Image d'illustration de la zapi de l'aéroport Charles-de-Gaulle. Crédit : InfoMigrants
Image d'illustration de la zapi de l'aéroport Charles-de-Gaulle. Crédit : InfoMigrants

En France, l’usage de faux documents d’identité est puni par la loi. Plusieurs départements ont lancé des poursuites contre des migrants soupçonnés d’avoir menti sur leur âge en se faisant passer pour des mineurs.

Un migrant guinéen de 47 ans a été envoyé au centre de rétention administratif de Rennes par la police d’Angoulême après avoir menti sur son âge. L’homme a tenté de se faire passer pour un mineur de 16 ans. Il s’était présenté dans un commissariat de cette ville du département de Charente, en demandant s’il pouvait être pris en charge par l’Aide sociale à l’enfance (ASE).

En France, les migrants mineurs non accompagnés sont protégés par l’État. À ce titre, ils bénéficient d’une prise en charge sociale et ne peuvent pas être expulsés. Pour cela il faut d’abord que leur minorité soit reconnue par les services de l’État. Cela passe par une évaluation auprès l'ASE. En revanche, si le jeune est considéré comme majeur, il devra faire une demande classique d’asile ou de carte de séjour.

Dans le cas de ce Guinéen de 47 ans, les policiers qui ont reçu le migrant au commissariat, n’ont pas dirigé cette personne vers l’ASE. Ils ont d’abord vérifié son identité dans un fichier international. Or la date de naissance de celui-ci avait été enregistrée dans un autre pays européen, en Espagne, où il avait demandé un visa avec ce qu’il a présenté comme étant son passeport. Il est désormais sous le coup d’une expulsion en France.

>> À lire sur InfoMigrants : Quatre départements testent le "fichage" des mineurs isolés étrangers

Des peines de prison de plusieurs mois

D’autres migrants adultes, qui s’étaient fait passer pour des mineurs en utilisant de faux papiers d’identité, ont été poursuivis en justice. "Si le département [chargé de la protection des mineurs] porte plainte, ils risquent plusieurs mois de prison, l’envoi dans un CRA, l’expulsion et parfois le remboursement de l’intégralité de la prise en charge qui peut aller jusqu’à des dizaines de milliers d’euros", explique Violaine Husson de la Cimade.

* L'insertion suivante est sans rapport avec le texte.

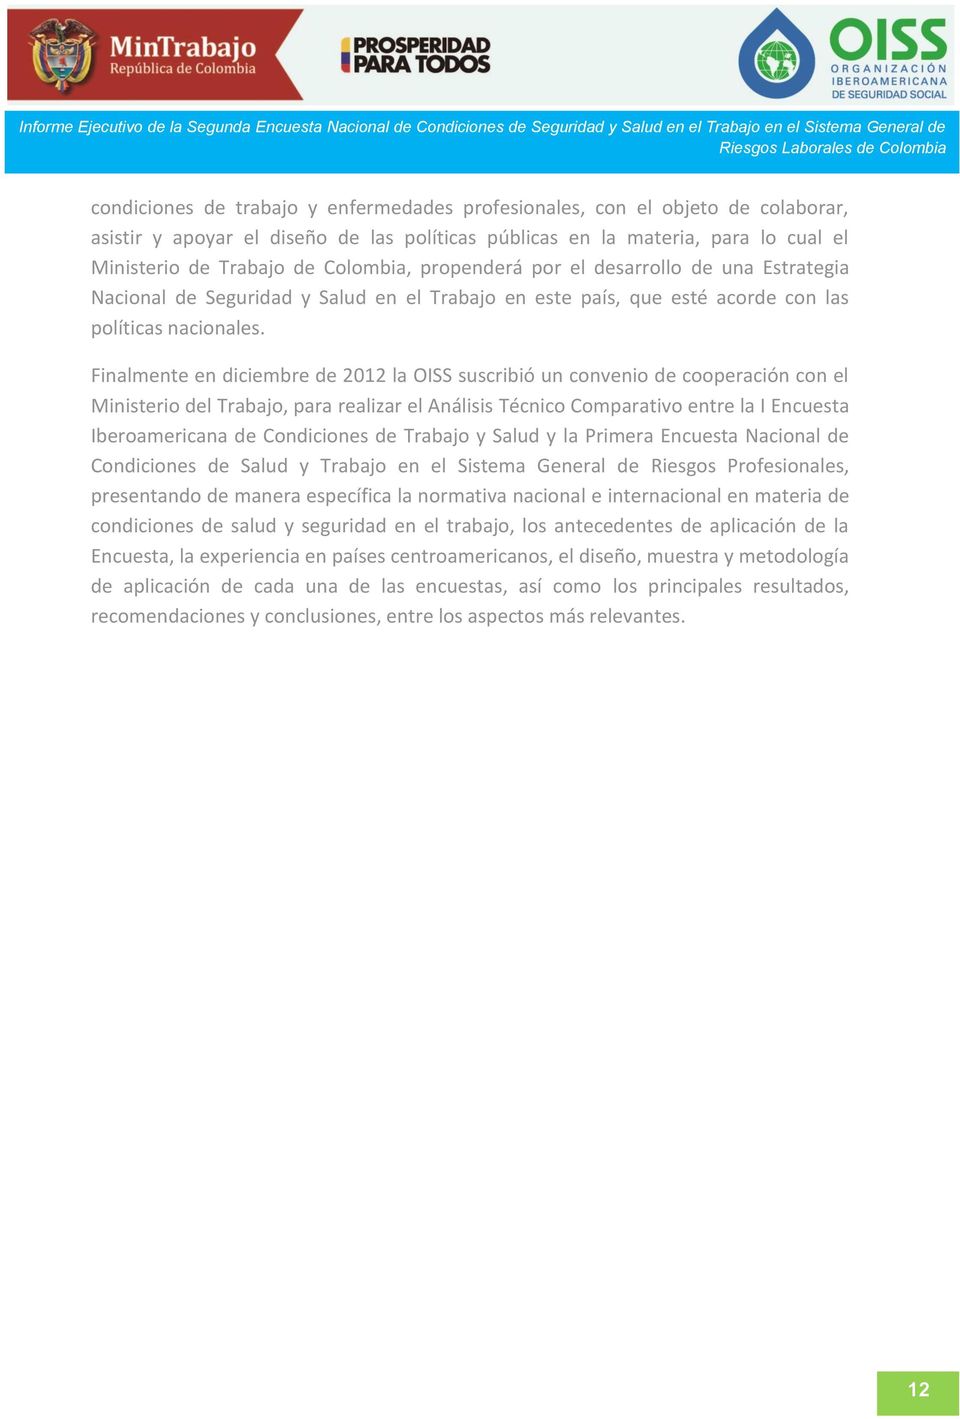 Finalmente en diciembre de 2012 la OISS suscribió un convenio de cooperación con el Ministerio del Trabajo, para realizar el Análisis Técnico Comparativo entre la I Encuesta Iberoamericana de

À Montpellier, dans l’Hérault, le département a déposé une vingtaine de plaintes pour escroquerie et fraude sociale entre janvier et avril 2018, et 29 plaintes l’année précédente.

L’an dernier, avec l’aide de la police ivoirienne, la police aux frontières du Languedoc a démantelé une filière, soupçonnée d’avoir fourni de faux documents à de jeunes Ivoiriens, candidats à l’immigration. Un faussaire et un agent de mairie ont été arrêtés en Côte d’Ivoire. Les autorités françaises avaient été alertées par des documents d’identité ivoiriens portant tous "le même numéro". Puis les migrants soupçonnés de fraude, ont subi des examens médicaux prouvant leur majorité.

Le phénomène reste toutefois minoritaire. On compte seulement 27 poursuites judiciaires pour escroquerie et fraude sociale en 2018 pour une population de 285 migrants mineurs bénéficiant de la protection de la part du département de l’Hérault.

>> À lire sur InfoMigrants : Mineurs isolés : tout savoir sur votre prise en charge à votre arrivée en France

Des mineurs avec des faux-papiers … d’adultes

Ce qui est puni le plus sévèrement est le fait d’utiliser de faux documents d’identité à l’appui du mensonge, souligne Violaine Husson. "Des mineurs en sont aussi les victimes", affirme-t-elle. "Ils voyagent parfois avec de faux documents ou des passeports d’emprunts, sans le savoir ou parce qu’ils n’ont pas le choix pour quitter des situations complexes".

La Cimade a pu observer de nombreux cas, où les mineurs possédaient de faux documents d’adultes. À Lyon, un juge des enfants s’est récemment prononcé en faveur de la minorité d’un jeune, pendant que celui-ci était incarcéré en prison avec des adultes pour avoir utilisé de faux-documents.